According to the report, the Kazaa system is a "marketplace" that brings together people who have copyrighted works and people who want to make unauthorized copies of those works. The report adds that Kazaa "designs the rules, facilitates the 'market' for exchange of copyright works, and enforces or has the capacity to enforce the rules of that market."

"The attractiveness of the system to users, and the success of Sharman's network growth strategy is verified by the fact that Sharman claims that Kazaa has more than 60 million subscribers and is the most downloaded program in history--approximately 20 million downloads per month," the report says. "As the network grows in size, it becomes more attractive to potential users--because more content will be available--and more valuable to Sharman."

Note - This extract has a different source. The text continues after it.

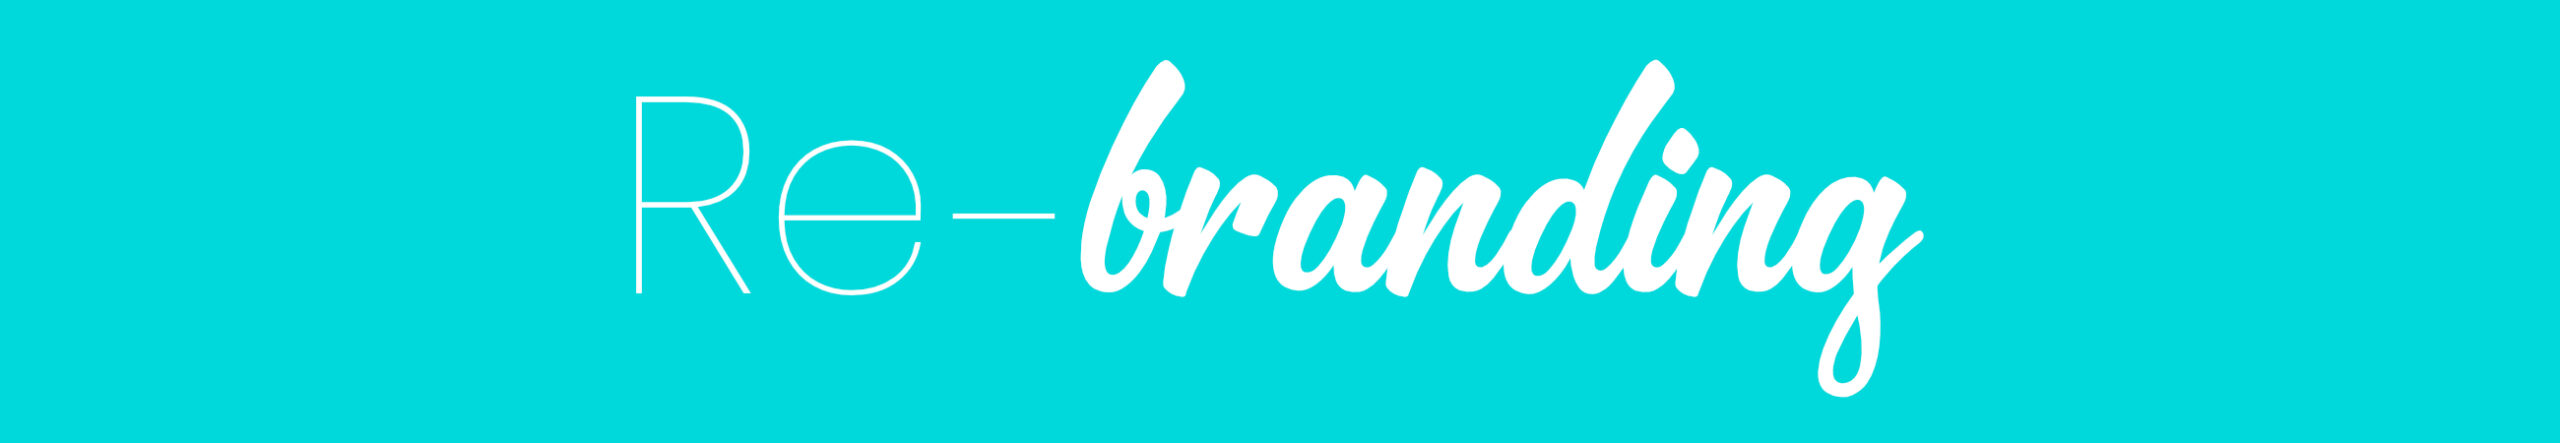 re-branding_header

The affidavit is part of a trial in which major record labels Universal Music Australia, EMI, Sony/BMG, Warner, Festival Mushroom and 25 additional applicants are suing Sharman Networks and associated parties--including Brilliant Digital Entertainment, Altnet, Sharman Networks CEO Nikki Hemming and others--over alleged music copyright infringement made using the Kazaa software. The trial, which started this week, is taking place in Sydney.

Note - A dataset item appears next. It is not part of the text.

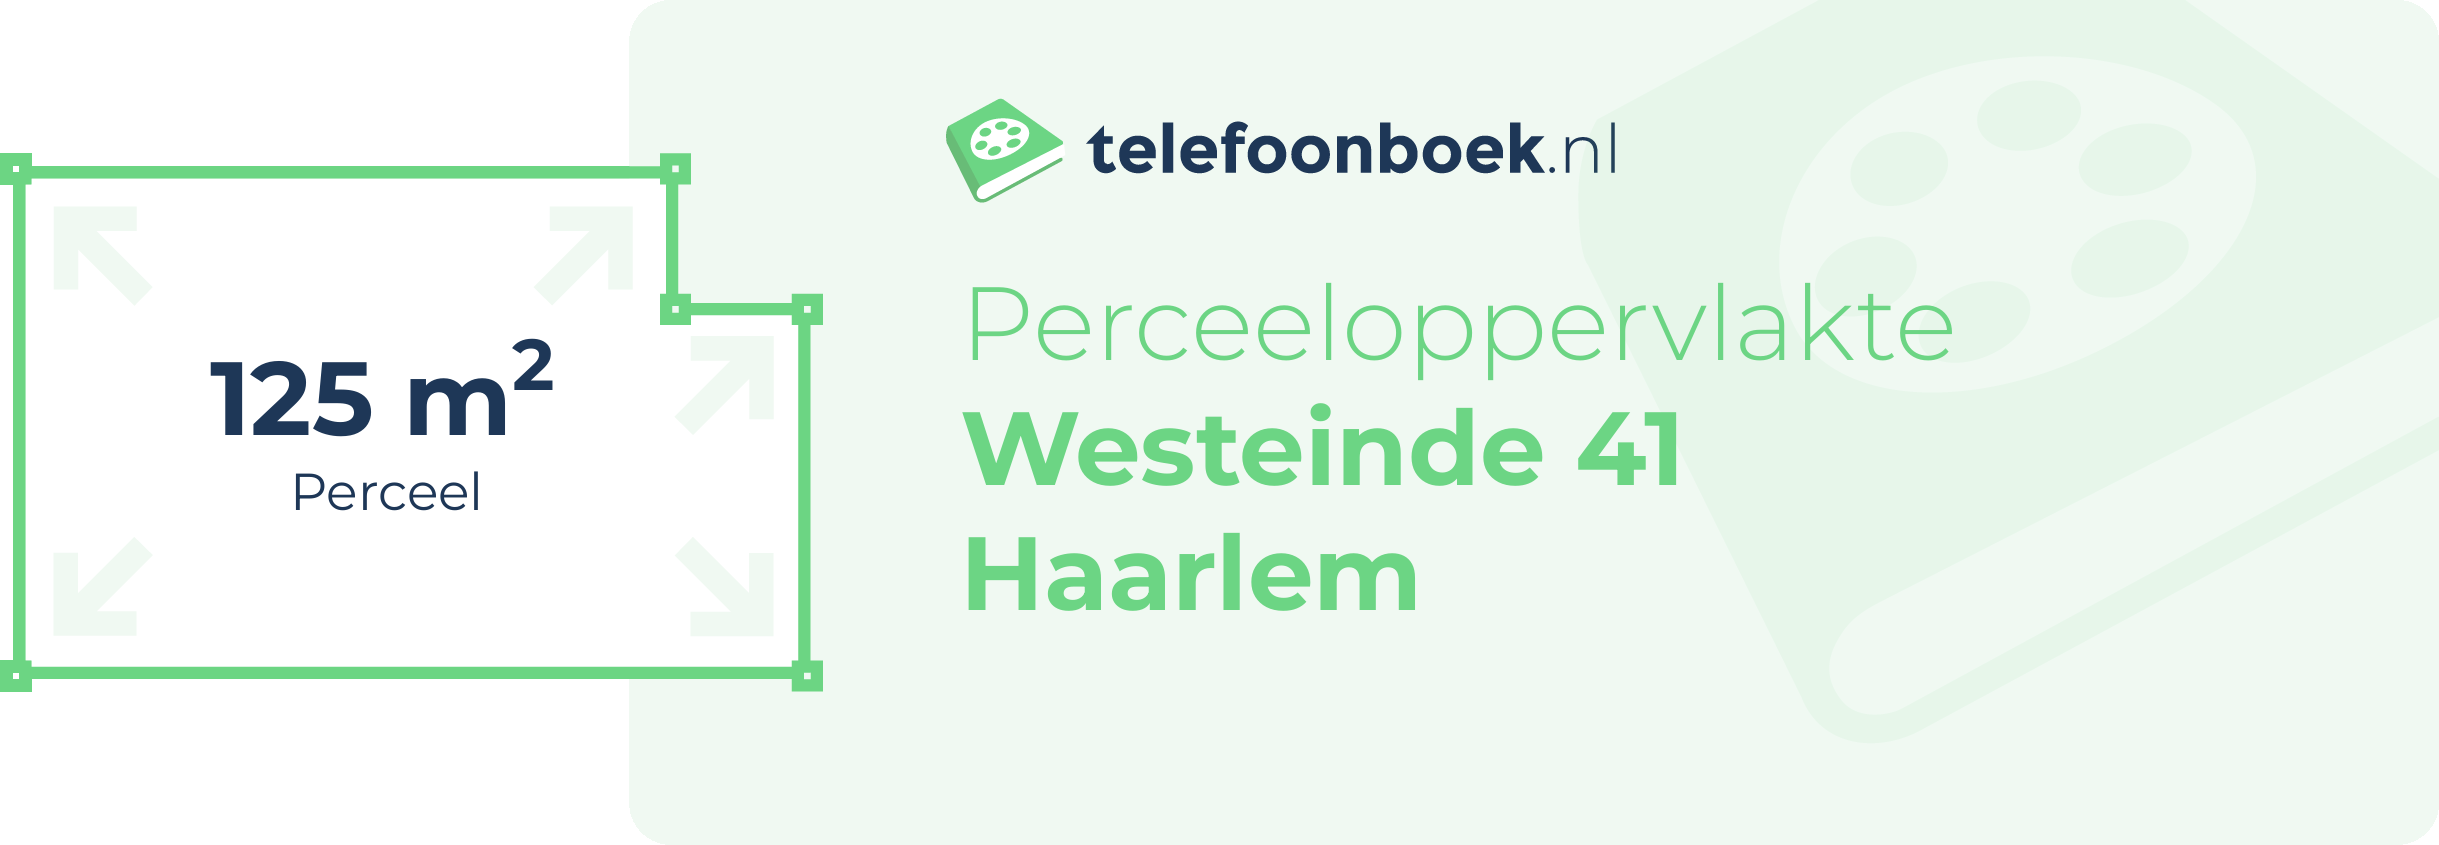 Perceeloppervlakte Westeinde 41 Haarlem

Barker's report also included details on how Kazaa makes its profits from unauthorized music sharing and the damage this causes to the music industry and the Australian economy.

Kazaa's unauthorized distribution system makes money from global advertising, commercial referrals to Web sites, direct marketing and market research, Barker's report states.

Sharman Networks counsel Anthony Meagher tried to prevent the affidavit's admission into the trial by asserting that Barker's report is not relevant to the issue of filtering--which deals with the Kazaa system's ability or inability to stop the sharing of copyrighted music files--or the authorization issue raised by the record companies.

Judge Murray Wilcox, however, rejected the objections from Kazaa's operators saying it was "blindingly obvious it would be to Kazaa's financial advantage" if people could use it as widely as possible. And if that meant using unauthorized material "that would be to Kazaa's benefit...of course it will pay people to freeload on others--it happens all the time."

Tom Mizzone, vice president of data service at antipiracy company MediaSentry, was also cross-examined on Friday. The previous day, he testified that his company can trace IP addresses of Kazaa users and can communicate with them about copyright infringement via instant messaging.

Under cross-examination, Mizzone acknowledged that only 22 percent of the "warning" instant messages were received by Kazaa users.

However, Mizzone also said that instant messaging could be disabled by the Kazaa users, therefore blocking attempts to send warnings about copyright infringement.

The hearing will continue on Tuesday.

Kristyn Maslog-Levis of ZDNet Australia reported from Sydney.